Incremental / Concurrent GC
To reduce Stop-The-World (STW) time, GC work runs alongside application execution.
- Stop-The-World GC: Application completely paused during mark + sweep. Simplest implementation but long pause times (proportional to heap size)
- Incremental GC: Splits marking into small steps, interleaved with application execution. Each step's pause is short, but total GC time is longer (write barrier overhead)
- Concurrent GC: Runs marking on separate threads in parallel.

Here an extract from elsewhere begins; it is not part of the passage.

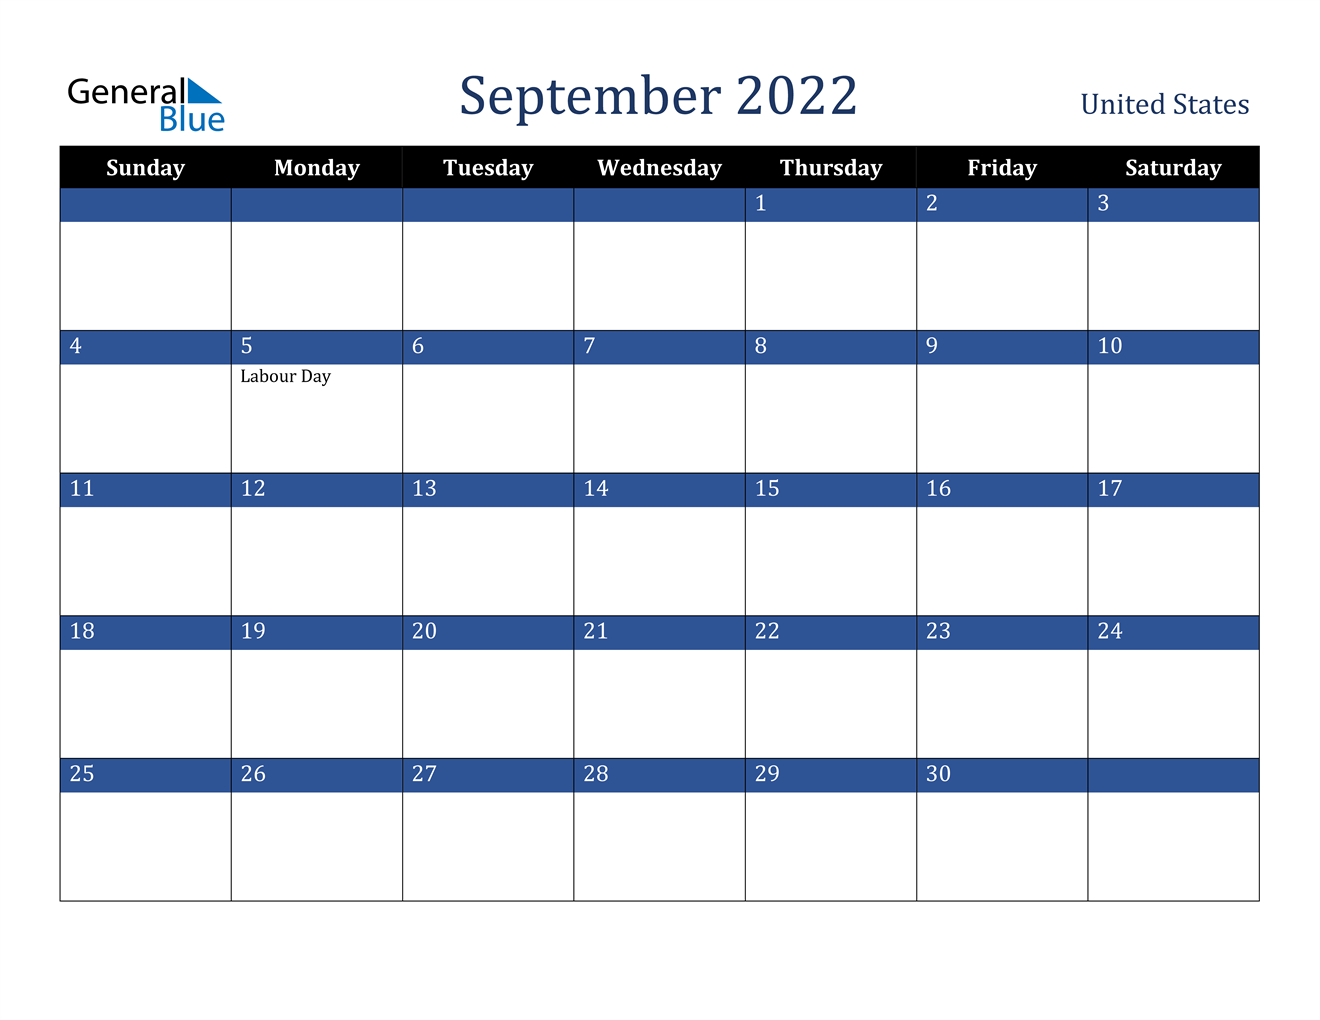 September 2022 Calendar - United States

Application pauses only at mark start and remark (final synchronization), which are extremely short
In concurrent GC, the application (mutator) and GC (collector) run simultaneously, so reference relationships can change during marking. Write barriers handle this.
Write Barriers
The mechanism for maintaining the tri-color invariant in concurrent/incremental GC. When the application (mutator) modifies a pointer, code is inserted to "notify" the GC.
Why Write Barriers Are Necessary
Consider this scenario:
1. GC has scanned object A and colored it black
2. Application executes A.field = C (C is white)
3. Application executes B.field = nil (removes B→C reference; B is gray/white)
4. GC scans B, but C is no longer referenced by B
5. C remains white → freed as garbage → alive object freed!This is the lost object problem. It occurs when a black→white reference is created (condition ①) and simultaneously all other paths to that white object are severed (condition ②).
Major Write Barrier Types
① Dijkstra Barrier (Insertion Barrier)When a pointer is written to reference a new object, the referent is shaded gray.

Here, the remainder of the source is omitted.